"Myla Goldberg sets a steady hand upon her brow
Myla Goldberg hangs a crooked foot all upside down
Pretty hands do pretty things when pretty times arise
Seraphim and seaweed swim where stick-limbed Myla lies"
-- from Song for Myla Goldberg by The Decemberists
Myla Goldberg has officially made my list of favorite authors. She's written 5 books, but as my library only has her three novels that's all I've been able to read-- the 4th book is a non-fiction "walk in Prague" called Time's Magpie and the 5th is a children's book called Catching the Moon.
Goldberg's first novel, Bee Season, was brilliant. Eliza, the daughter of a Jewish scholar, was an average student until her talent for spelling was found. The talent takes her to the National Spelling Bee twice (unlike the movie) and she begins to study a word-related arm of Jewish Mysticism with her father, while her mother's mental health slowly breaks down and her brother explores Hinduism.
Her second novel, Wickett's Remedy, was excellent-- and managed to have a unique format, and when was the last time you saw a novel with a unique format?
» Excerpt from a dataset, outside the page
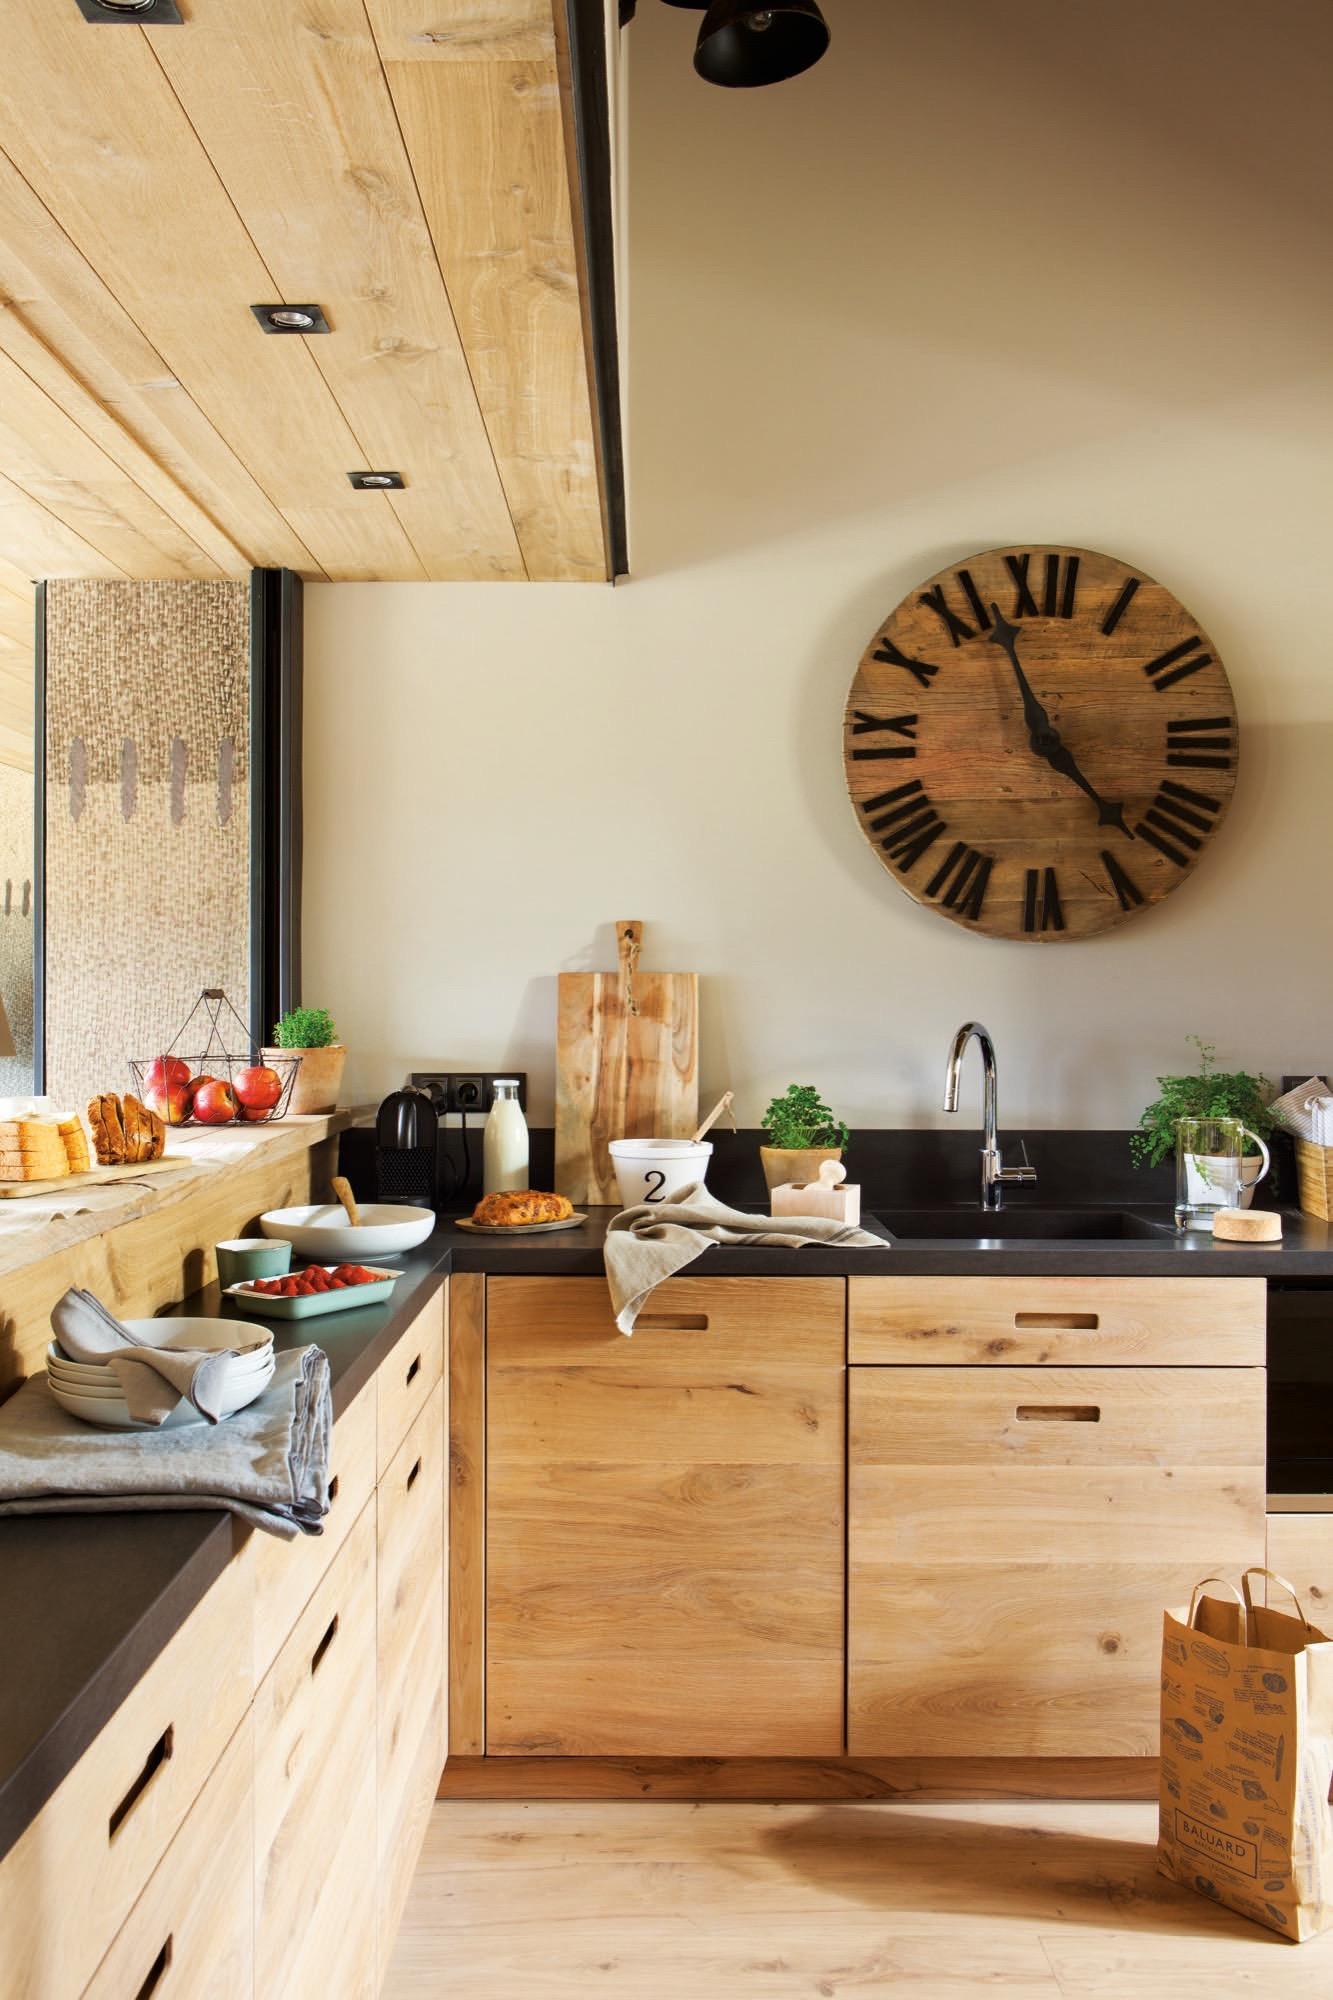 Una casa de monta a c lida acogedora y muy abrigada en la for Modelos de bar en madera rustica

Exactly. Lydia Wickett and her husband begin a mail-order business in the late 19-teens, and after her husband's sudden death the 1918 influenza epidemic hits and, compelled to act, Lydia joins a (historically accurate) medical study of the deadly flu using convicts on a remote island facility. Running through the novel is fan club literature and information on QD Soda, whose secret recipe is suspiciously close to that of Wickett's Remedy. Throughout the story is also a running commentary in the margins provided by the souls of the dead, correcting or expounding on the thoughts, actions, and memories of the living characters in the story.
This newest novel, published in 2010, tells the story of Celia Durst-- a woman in her early 30s struck one day with the memory of a childhood friend, Djuna, she is convinced she saw fall down a well in the middle of the forest, not getting into a stranger's car like she told everyone after it happened. Celia returns home to tell everyone the truth, but no one believes her. As Celia goes through reconnecting with people she hasn't spoken to in 20 years, details of the moments leading up to Djuna's disappearance are brought back to light for Celia, including (and especially) their bullying of a classmate, leading to the fight between Celia and Djuna before she disappeared.
This book is an absolute must-read for anyone who wants to better understand women and their relationships to each other, and just what the hell was going on between the girls on the playground.
Parts were extremely emotional, remembering...just remembering what it was like. Goldberg so perfectly captures the delicacy and brutality of the world of young girls you have to wonder what Goldberg herself went through.
Goldberg even deftly handles what it's like watching your hometown and parents age-- it's difficult enough to live through, let alone write about.
The writing is sharp and witty, the pacing is tight, and the characters and their relationships are realistic. It packs a lot of punch in its 250 pages and I couldn't put it down.